─── Dataset extract
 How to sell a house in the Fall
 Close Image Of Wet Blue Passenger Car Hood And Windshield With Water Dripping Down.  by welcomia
──────
─── Dataset extract
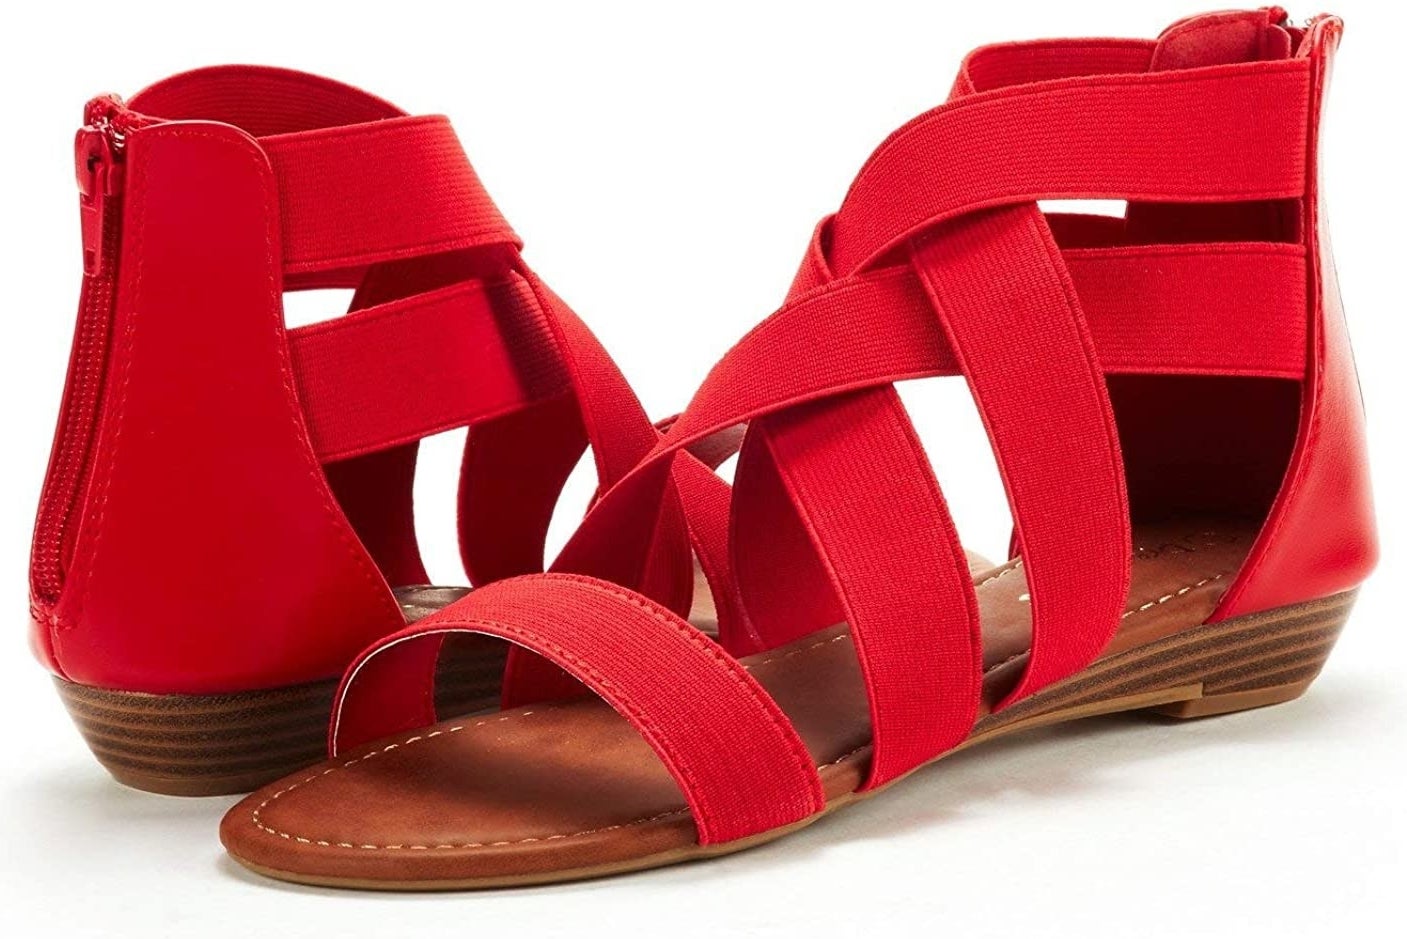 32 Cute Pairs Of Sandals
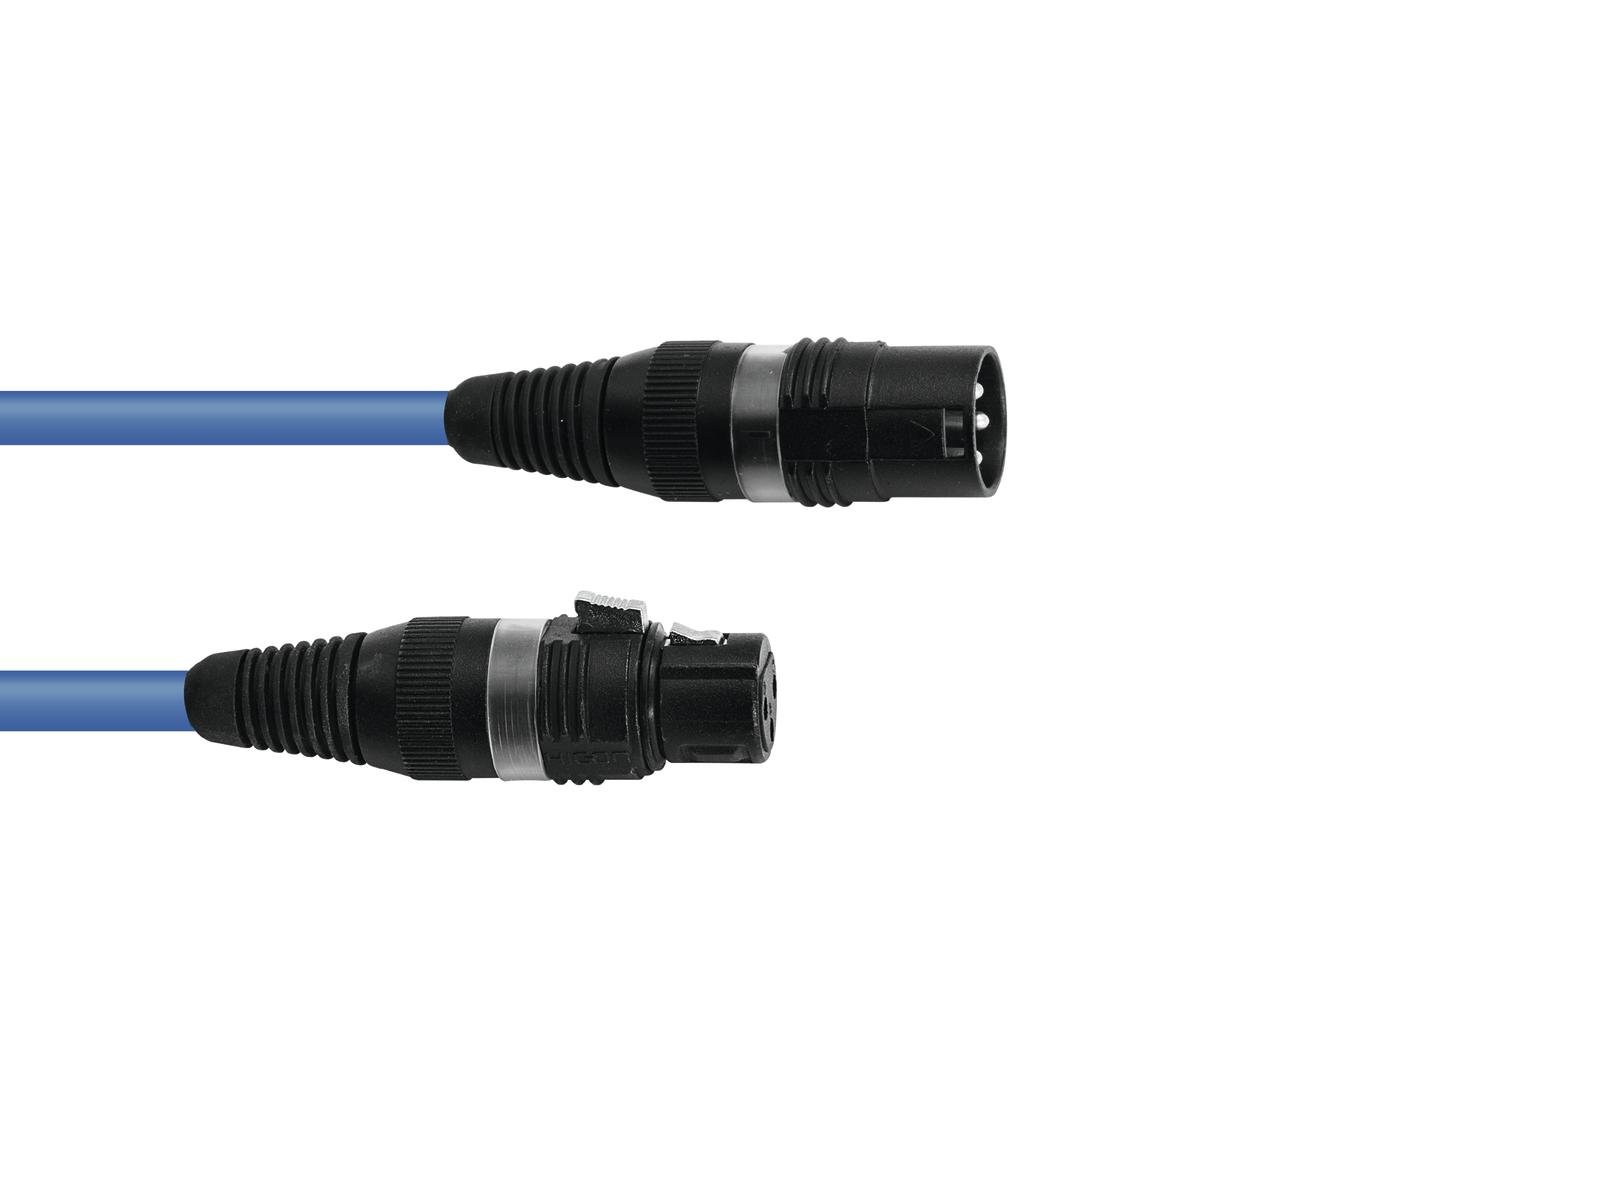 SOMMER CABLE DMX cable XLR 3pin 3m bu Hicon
──────
─── Dataset extract
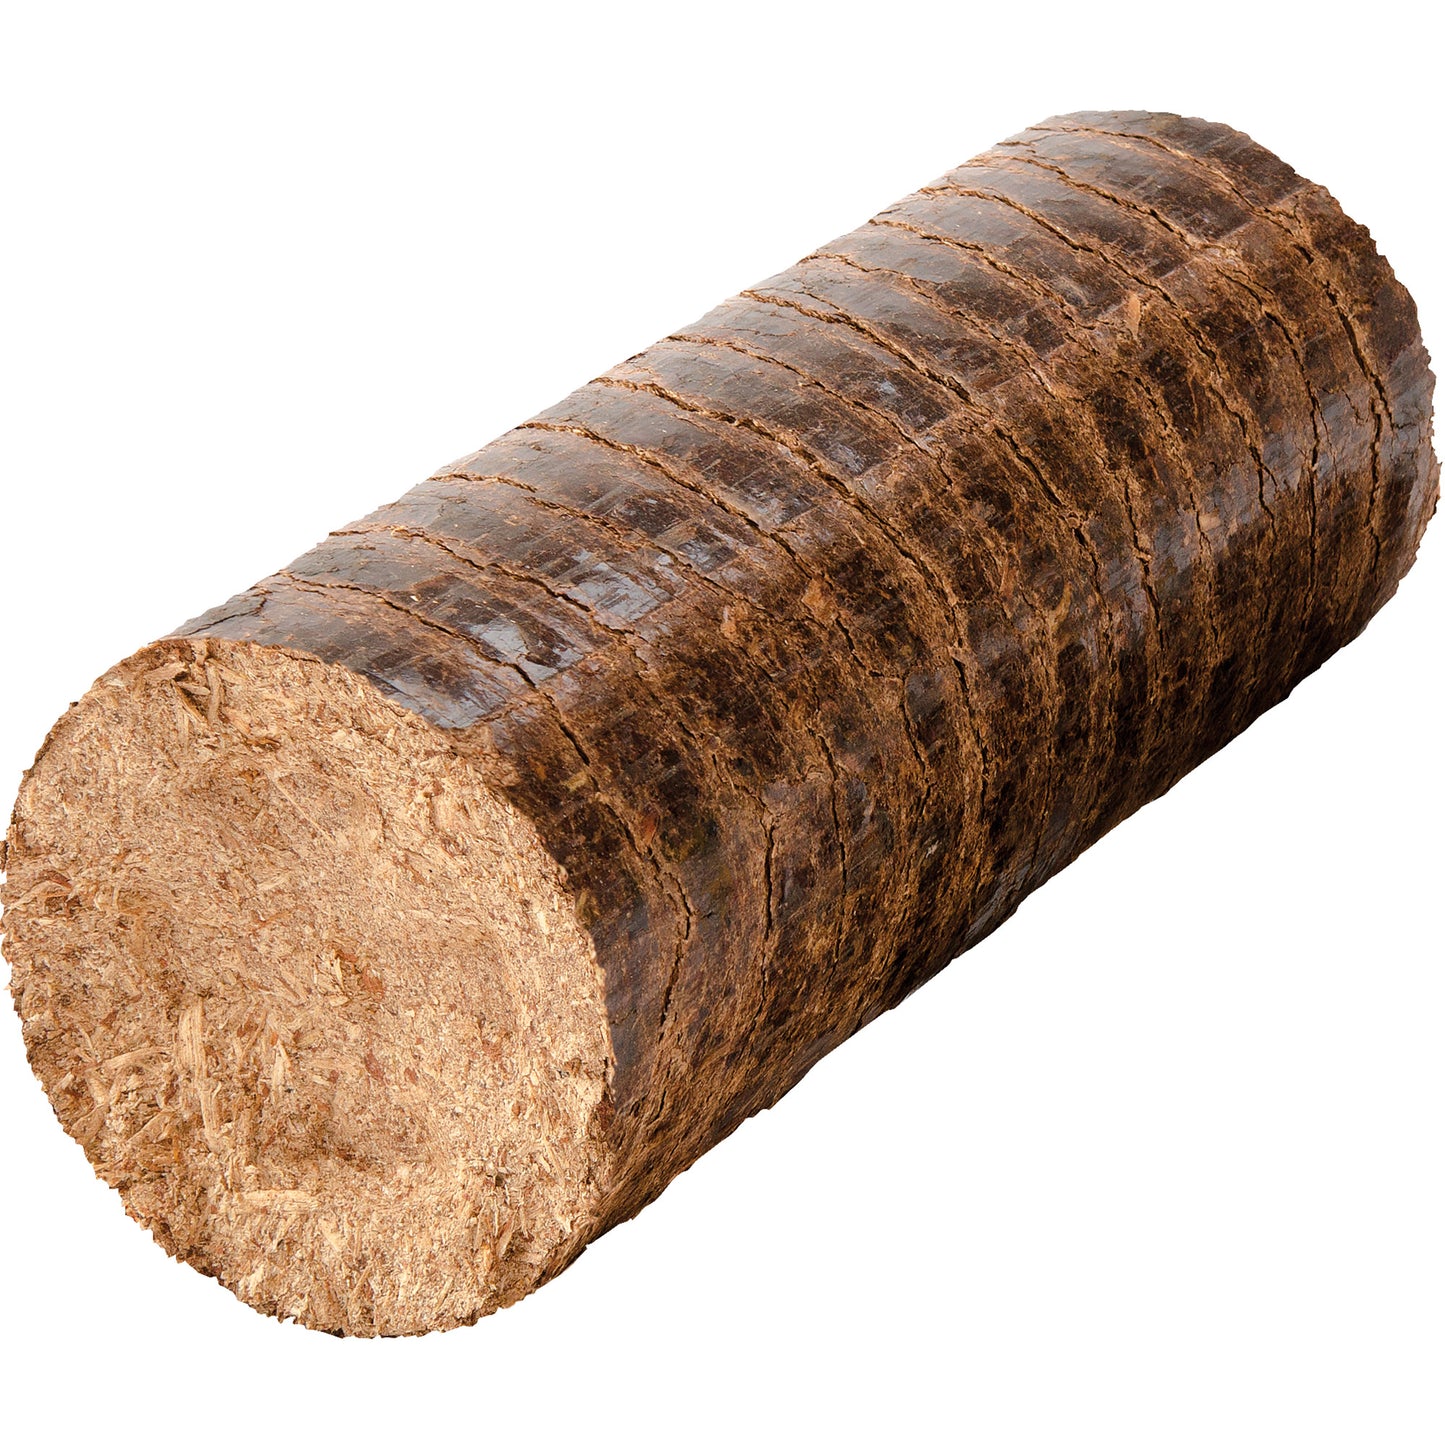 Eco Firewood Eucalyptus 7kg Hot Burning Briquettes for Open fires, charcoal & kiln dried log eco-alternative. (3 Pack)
──────
### Task objective
Scan the entries above for the line containing "How to sell a house in the Fall", and copy it and all lines after it exactly, down to and including the line containing "Close Image Of".

### Answer section
 How to sell a house in the Fall
 Close Image Of Wet Blue Passenger Car Hood And Windshield With Water Dripping Down.  by welcomia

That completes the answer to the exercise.